### Activity
Repeat the lines below exactly as they appear, but leave out the images.

### Dataset section
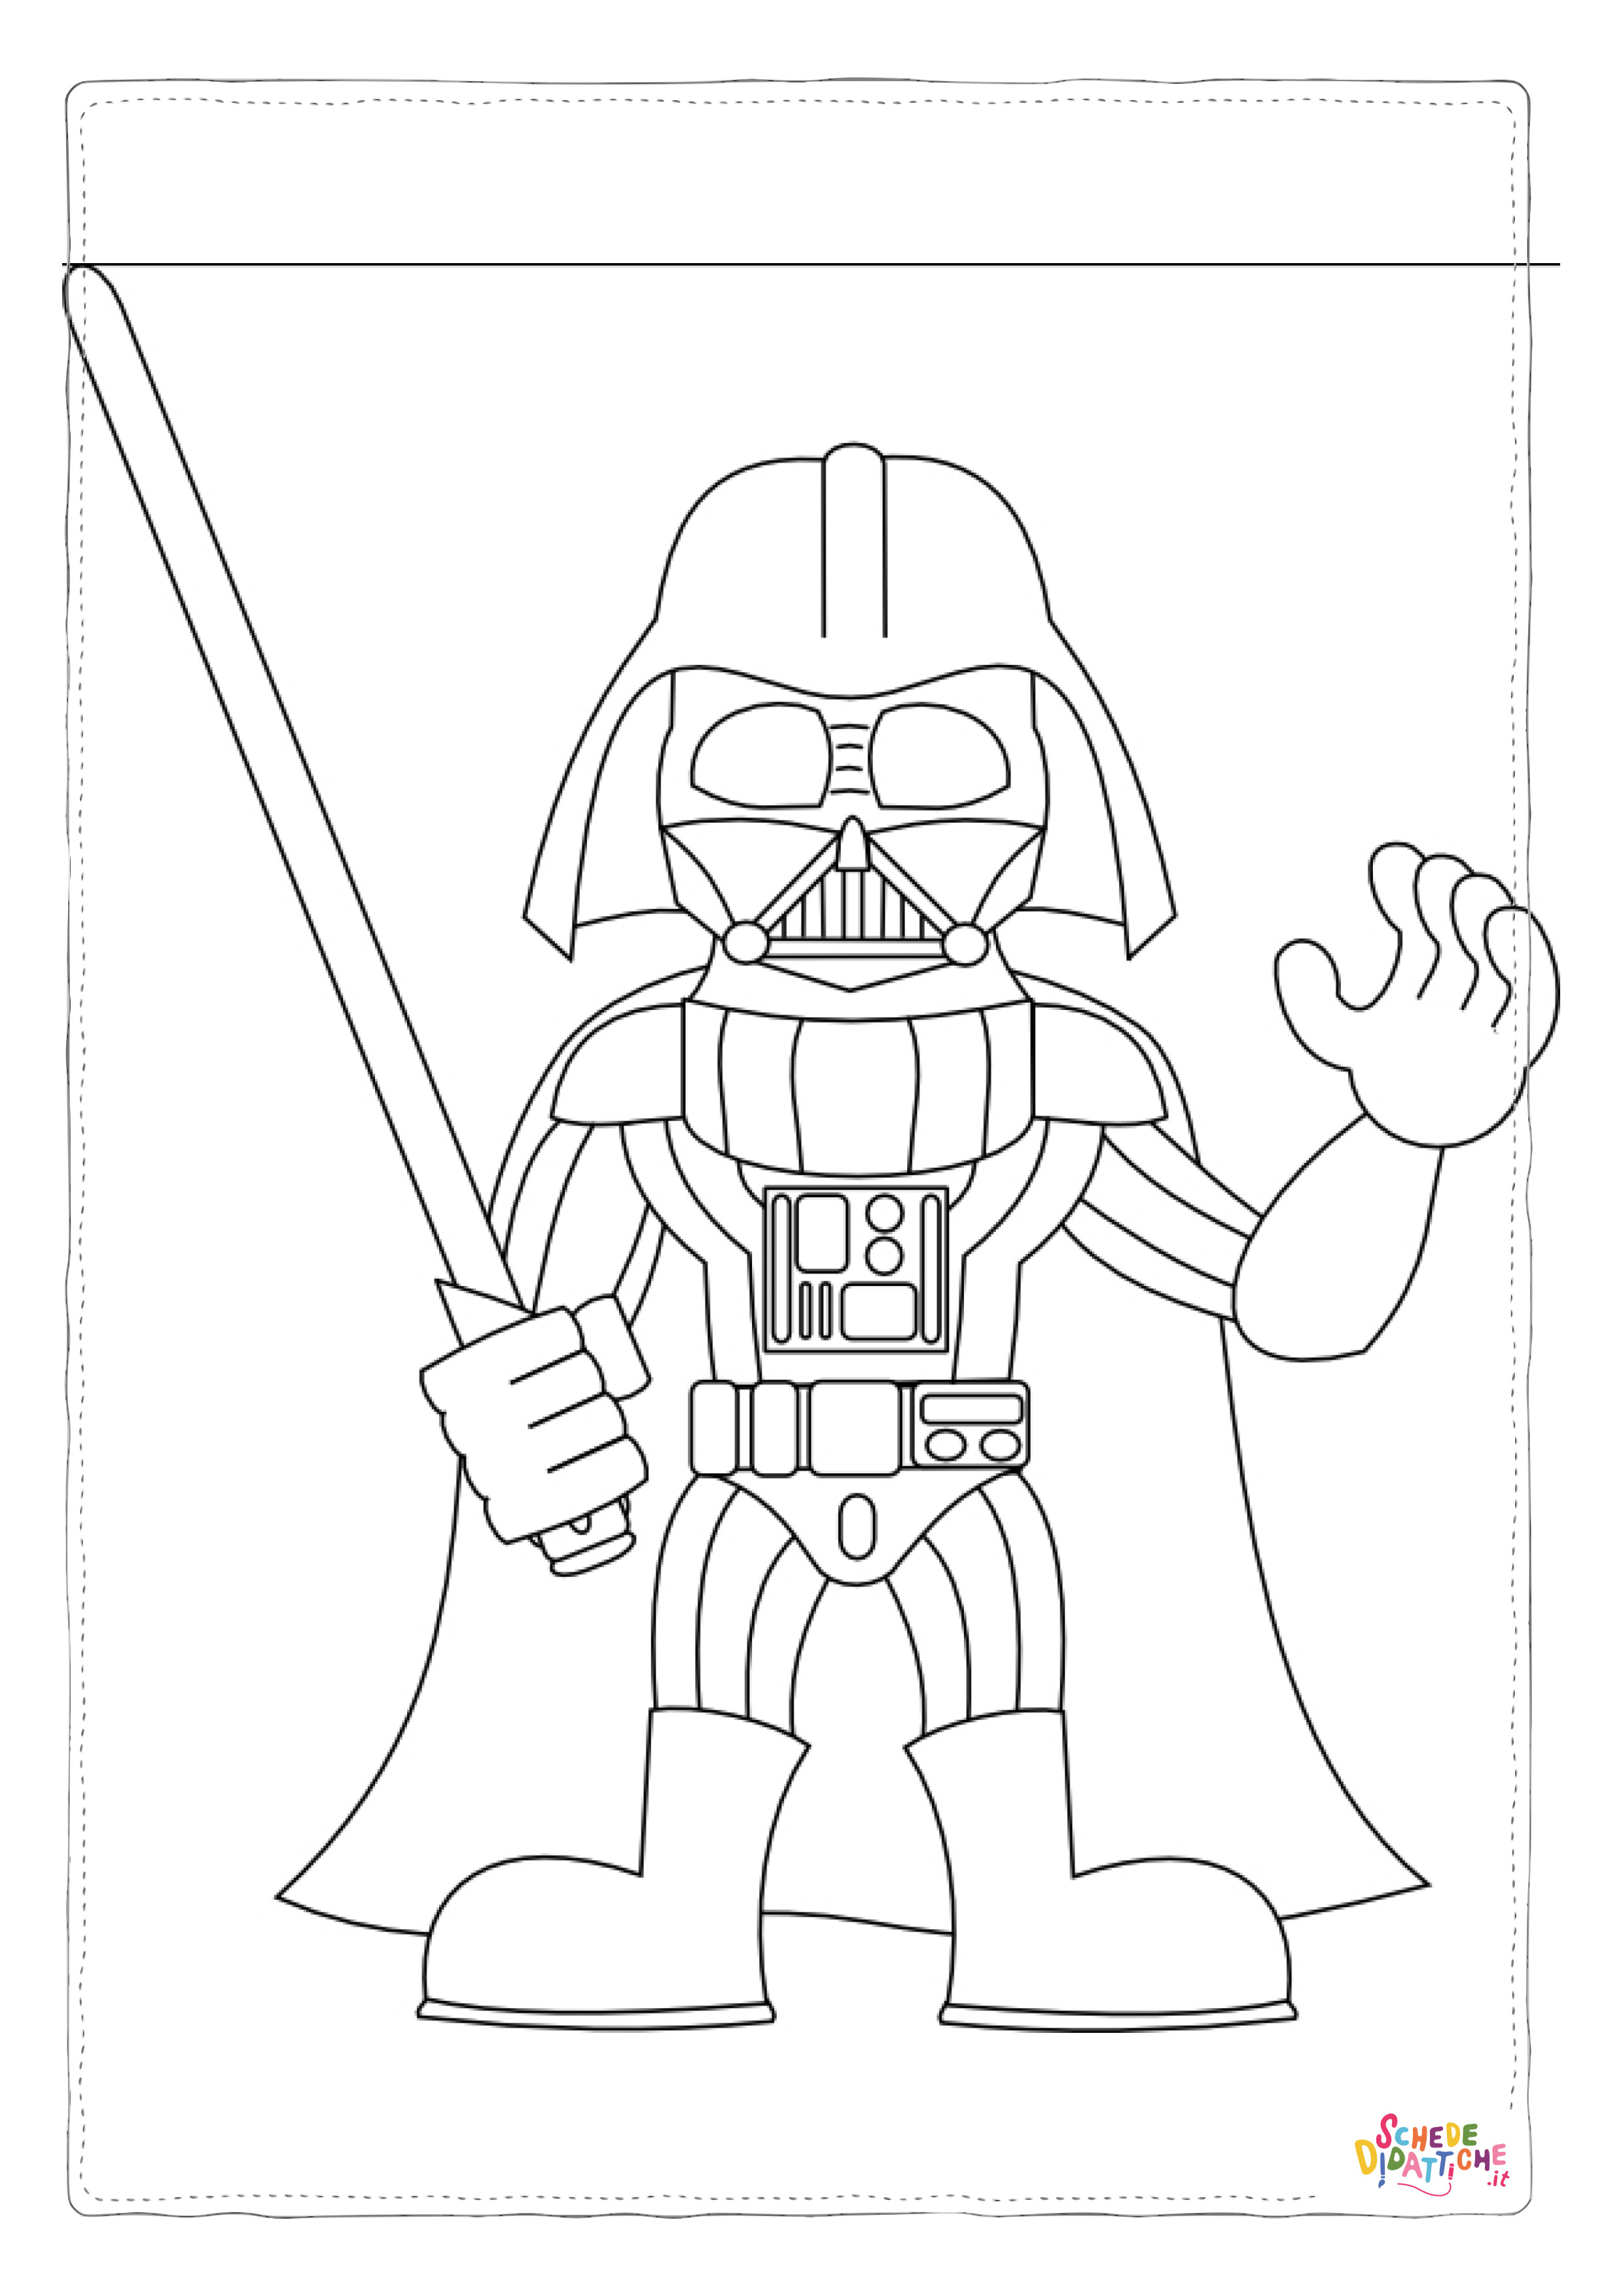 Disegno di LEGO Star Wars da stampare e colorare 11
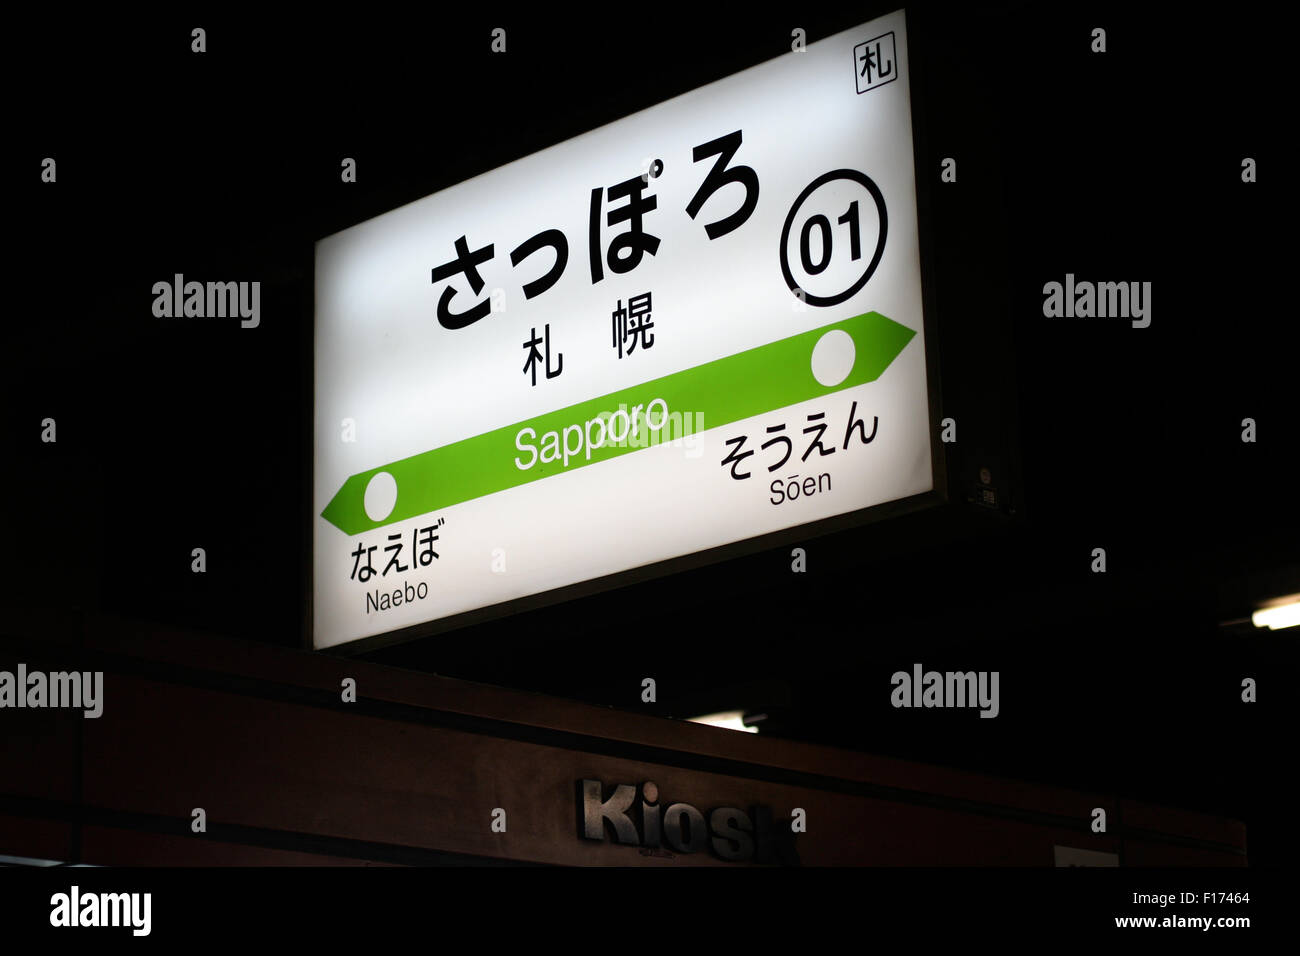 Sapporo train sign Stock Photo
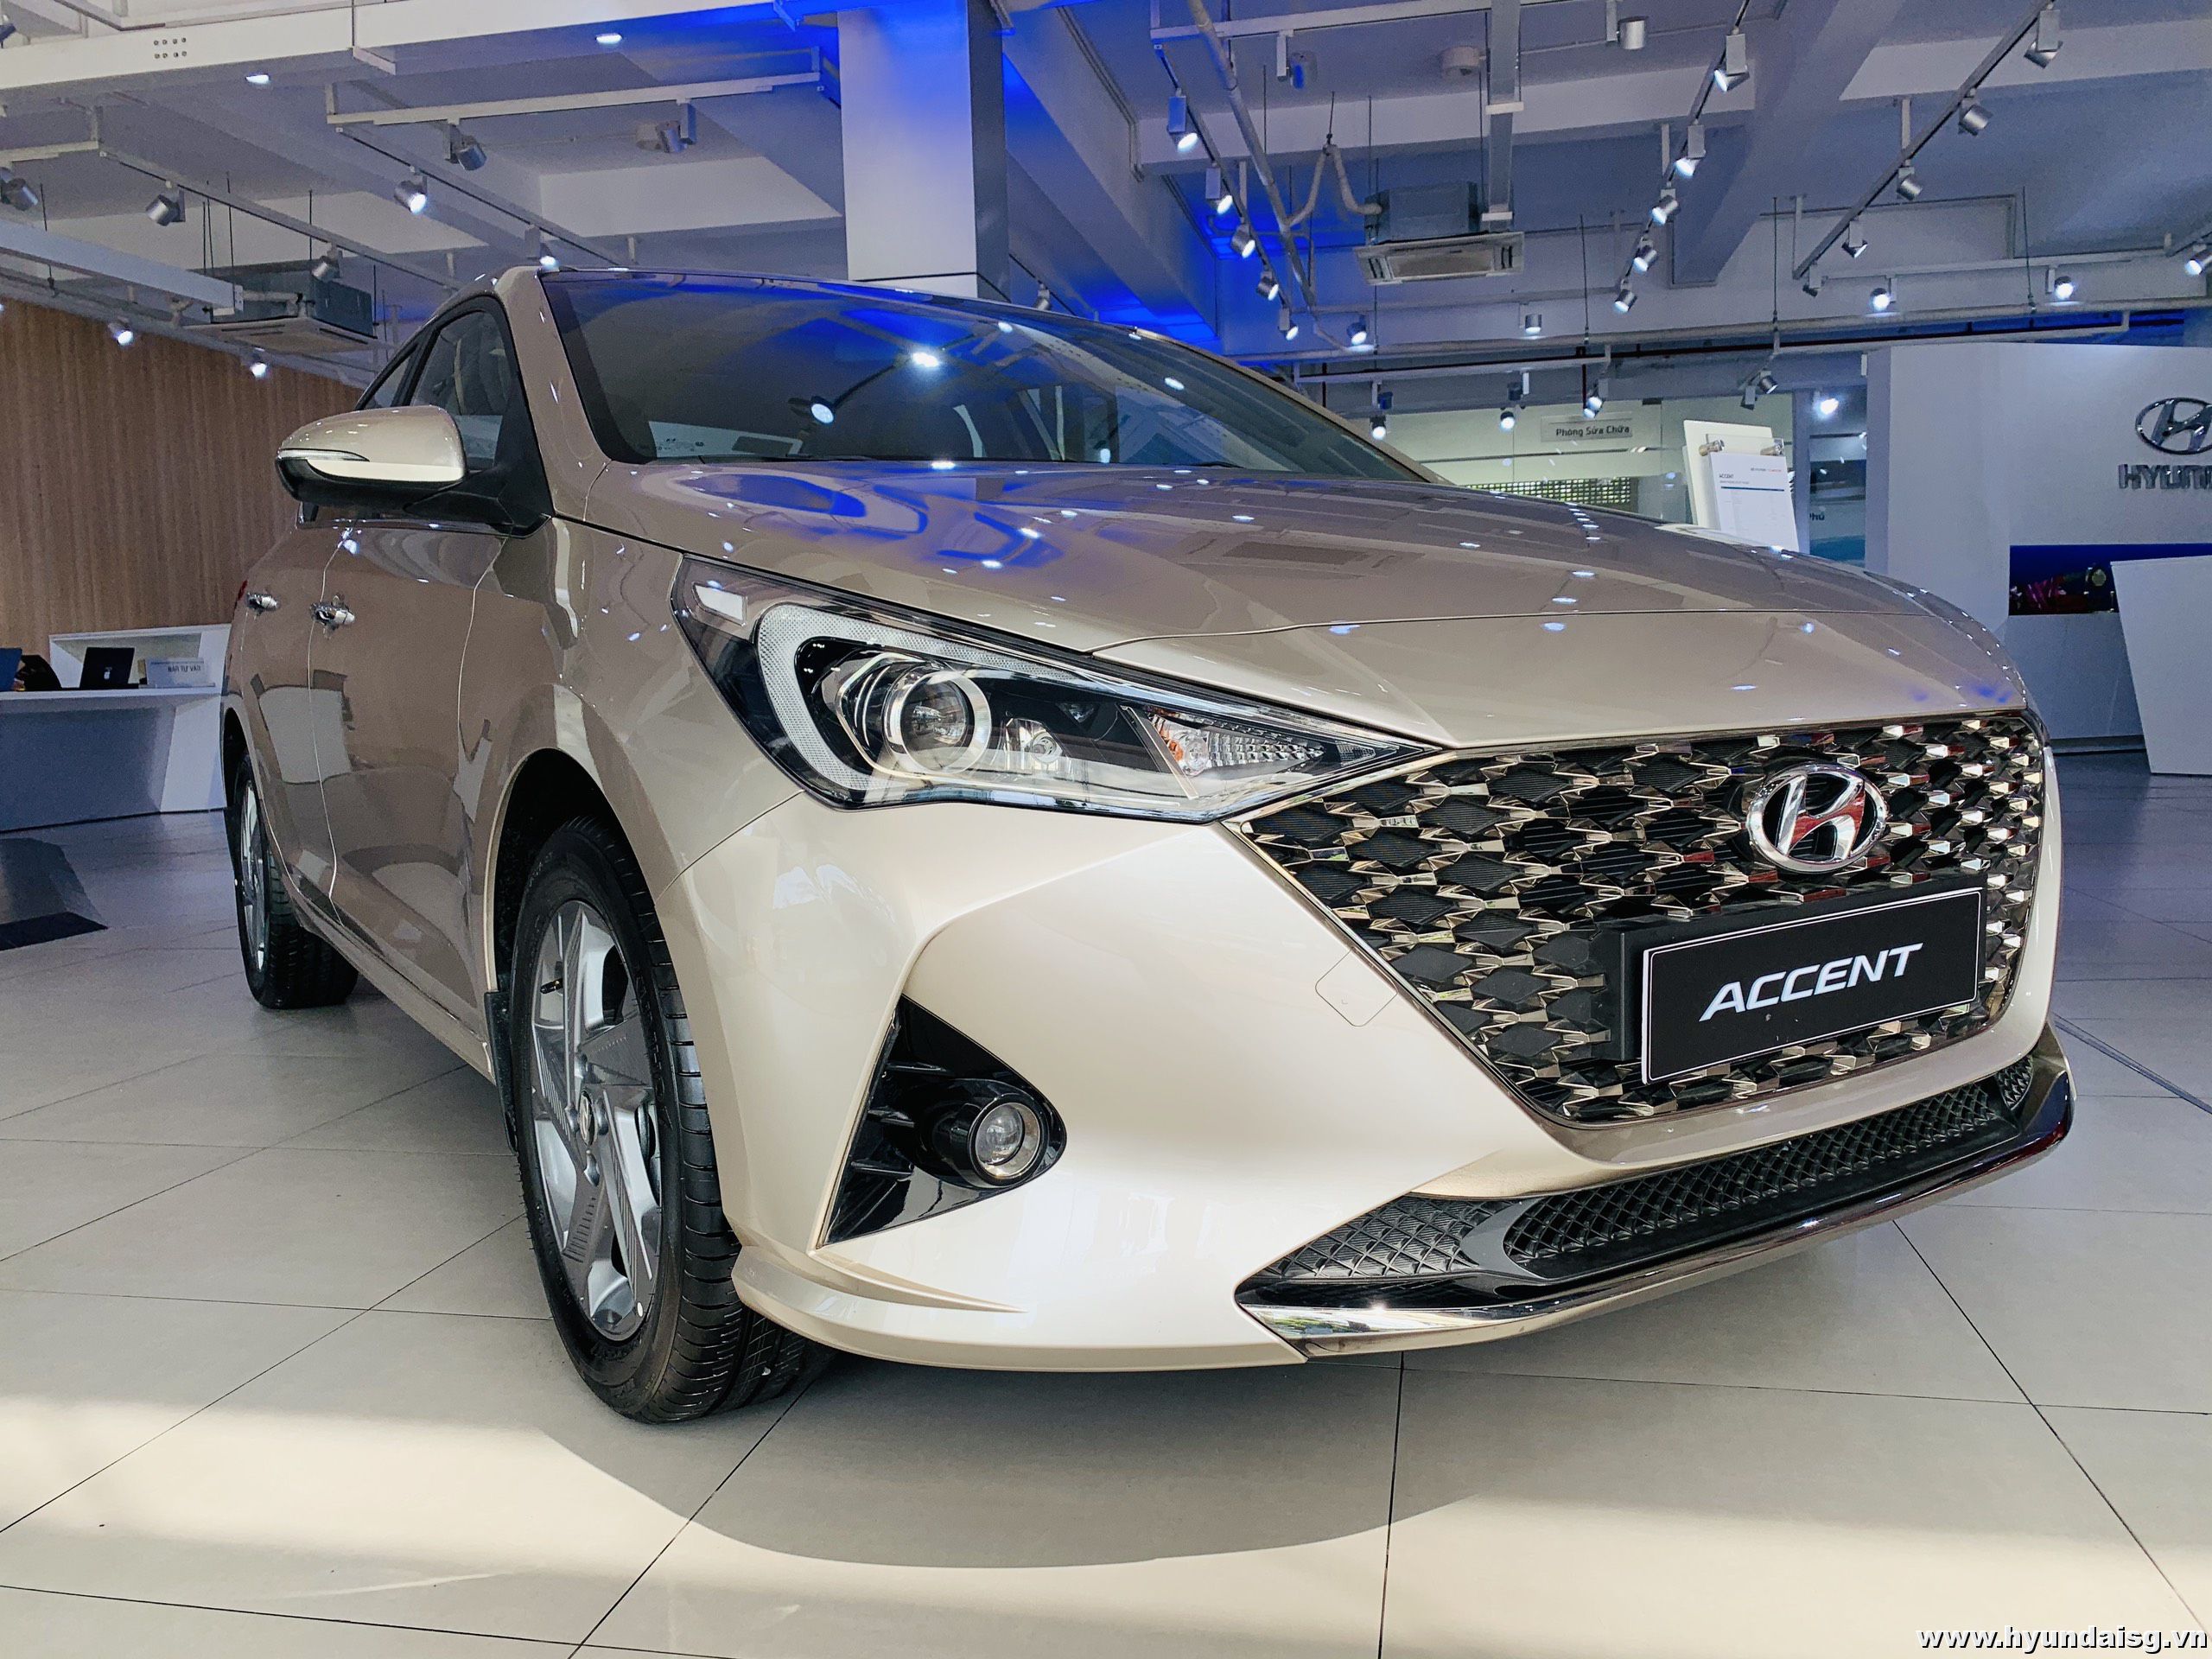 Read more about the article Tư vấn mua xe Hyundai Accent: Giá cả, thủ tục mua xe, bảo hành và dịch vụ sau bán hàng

### Exercise response
 Disegno di LEGO Star Wars da stampare e colorare 11
 Sapporo train sign Stock Photo
 Read more about the article Tư vấn mua xe Hyundai Accent: Giá cả, thủ tục mua xe, bảo hành và dịch vụ sau bán hàng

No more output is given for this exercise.